Rather than reconciliation, she said, the tribute shows complicity by the North and the South to ignore the interests of African Americans and enforce white supremacy, effectively denying the results of the Civil War for generations.

“We are still living with the failure of this nation to fully accept that result, as well as the post-Civil war amendments that were ratified to establish the freedom of women and men who had been held in bondage,” added Clarke.

The initial request, authored by Clarke and signed by her fellow Democrats Nydia Velazquez, Jerrold Nadler and Hakeem Jeffries, came in June this year, after several Confederate monuments were taken down in New Orleans, Louisiana.

Clarke said she will continue to petition the Army to rename the Fort Hamilton streets.
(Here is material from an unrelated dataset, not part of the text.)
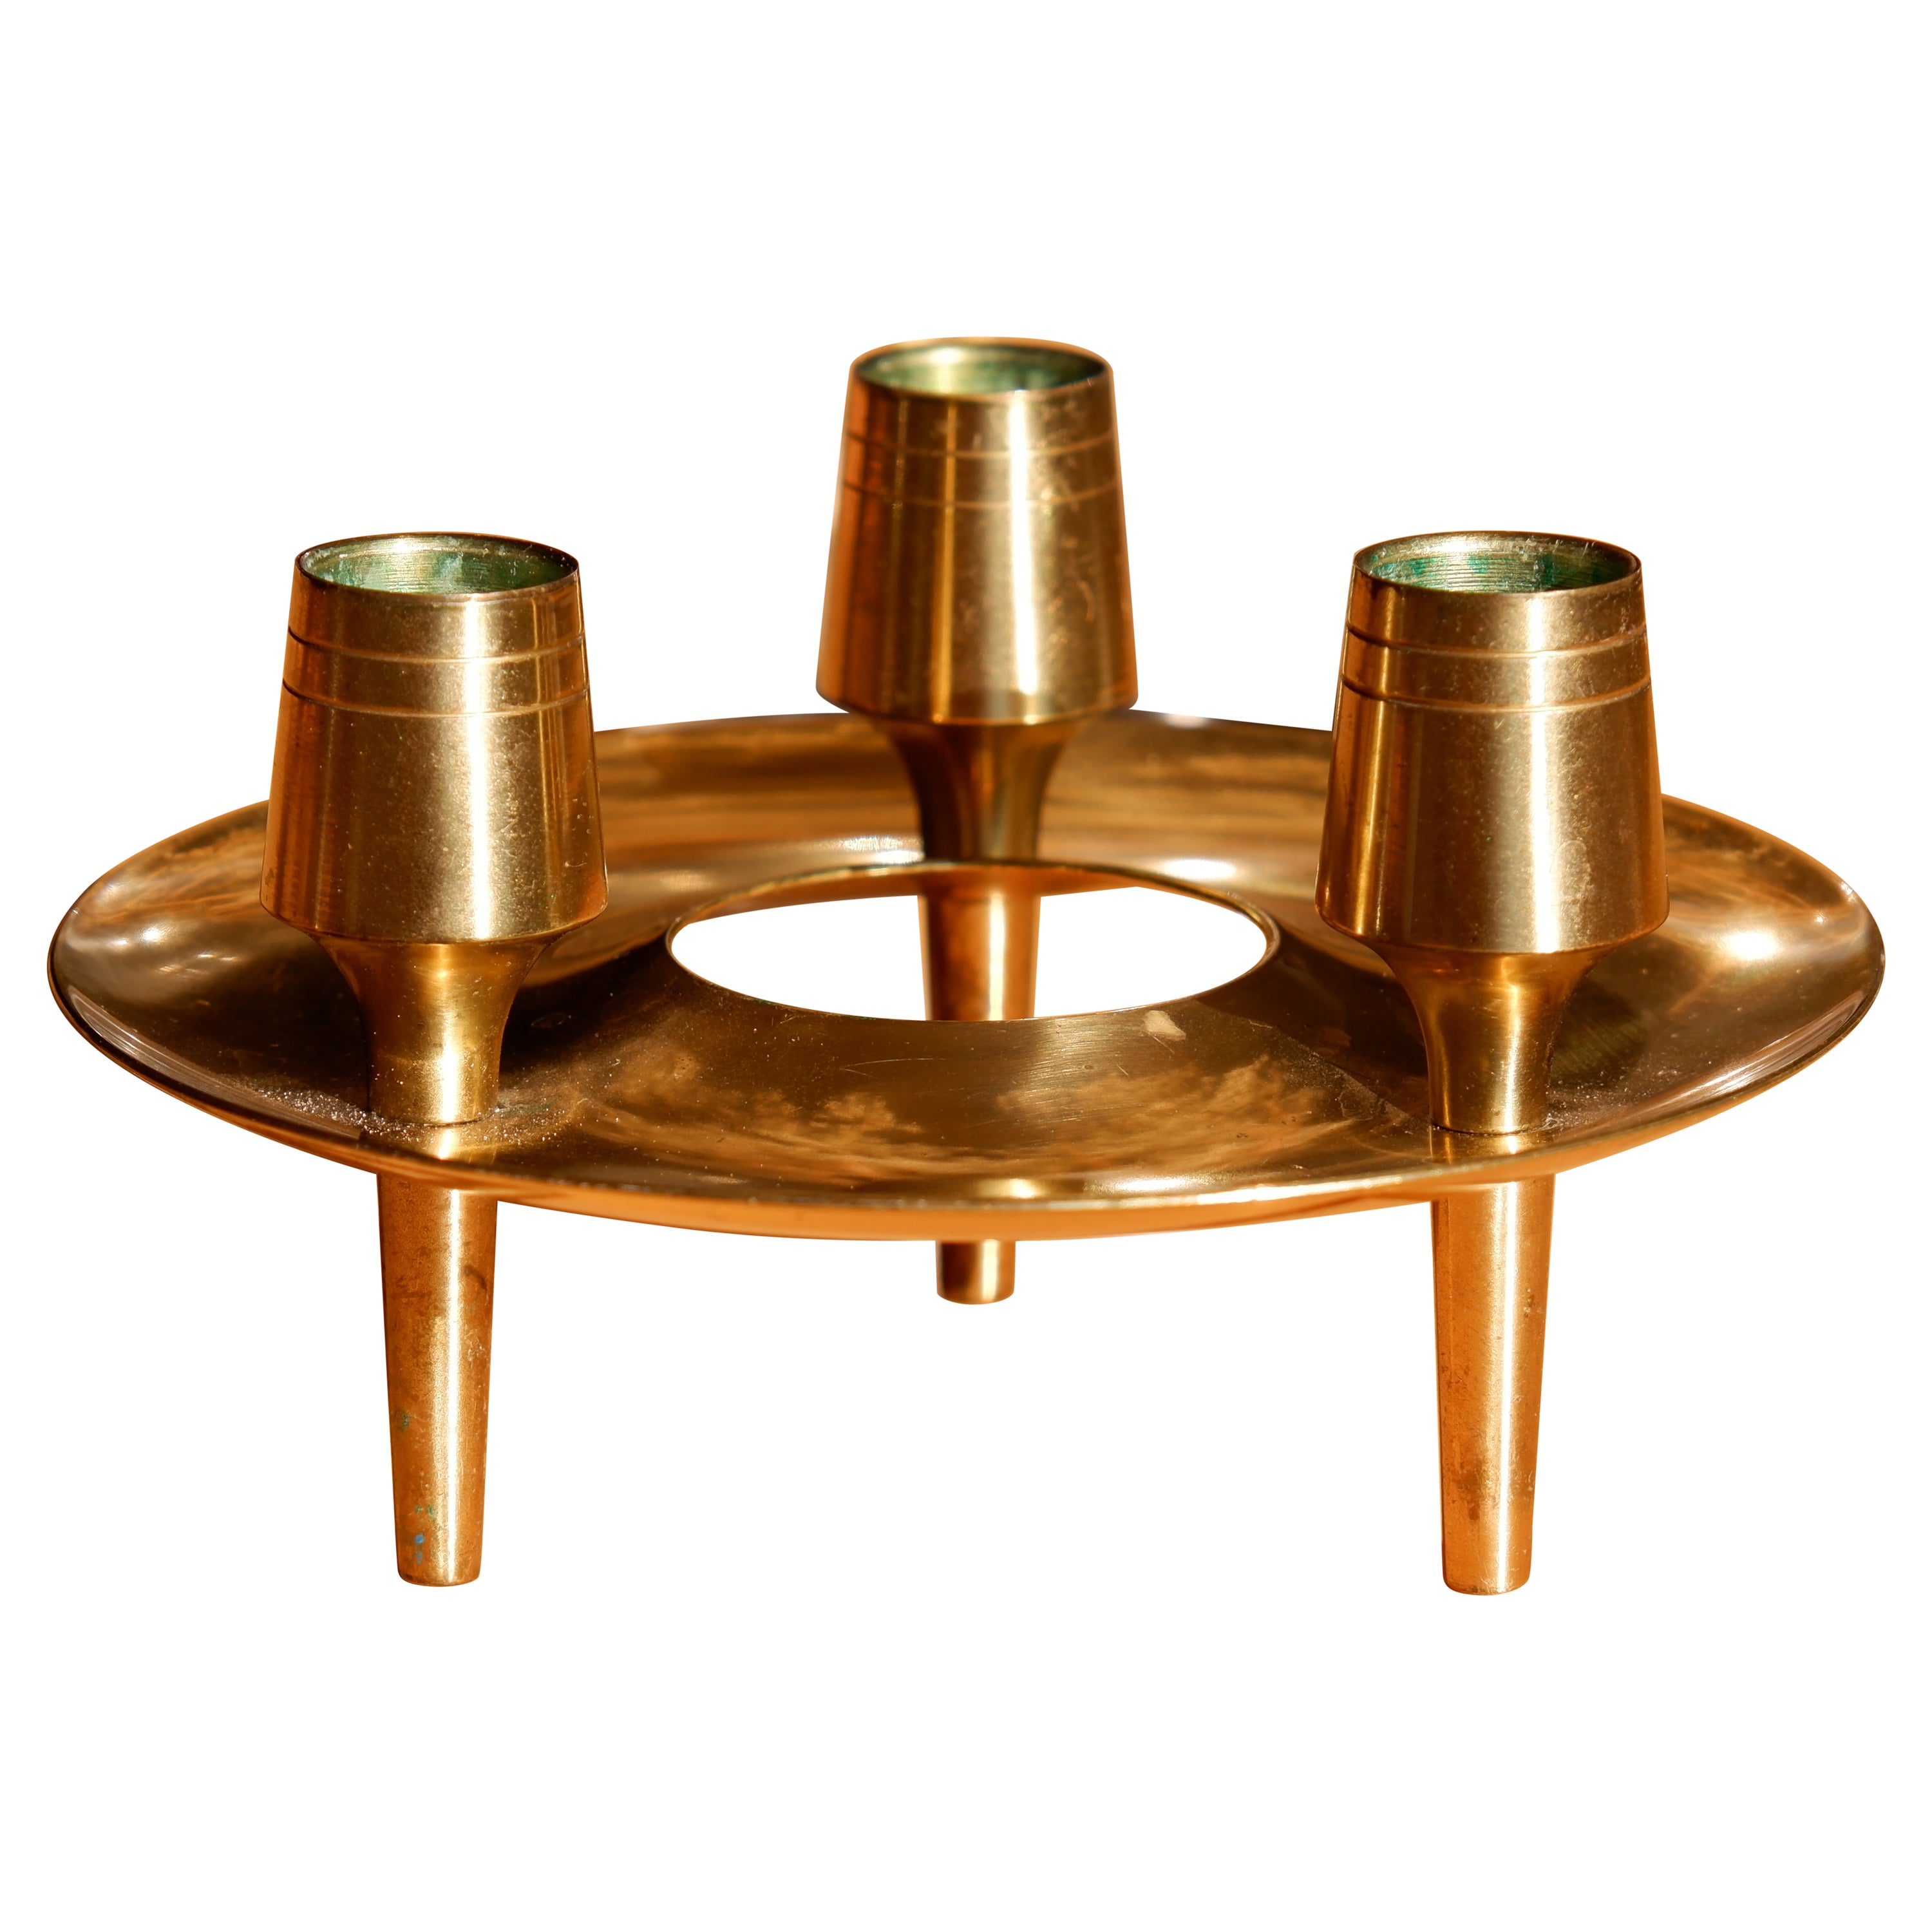 Paavo Tynell Brass Candle Holders for Taito

“The department describes any possible renaming of these streets as potentially ‘controversial.’ Nonsense,” she said.

Lee commanded the Confederate forces in Virginia from June 1862 to April 1865, when he surrendered. Jackson, who was known as “Stonewall” for his brigade’s stand in the First Battle of Manassas, commanded a corps under Lee until he was killed in a friendly-fire incident during the May 1863 Battle of Chancellorsville.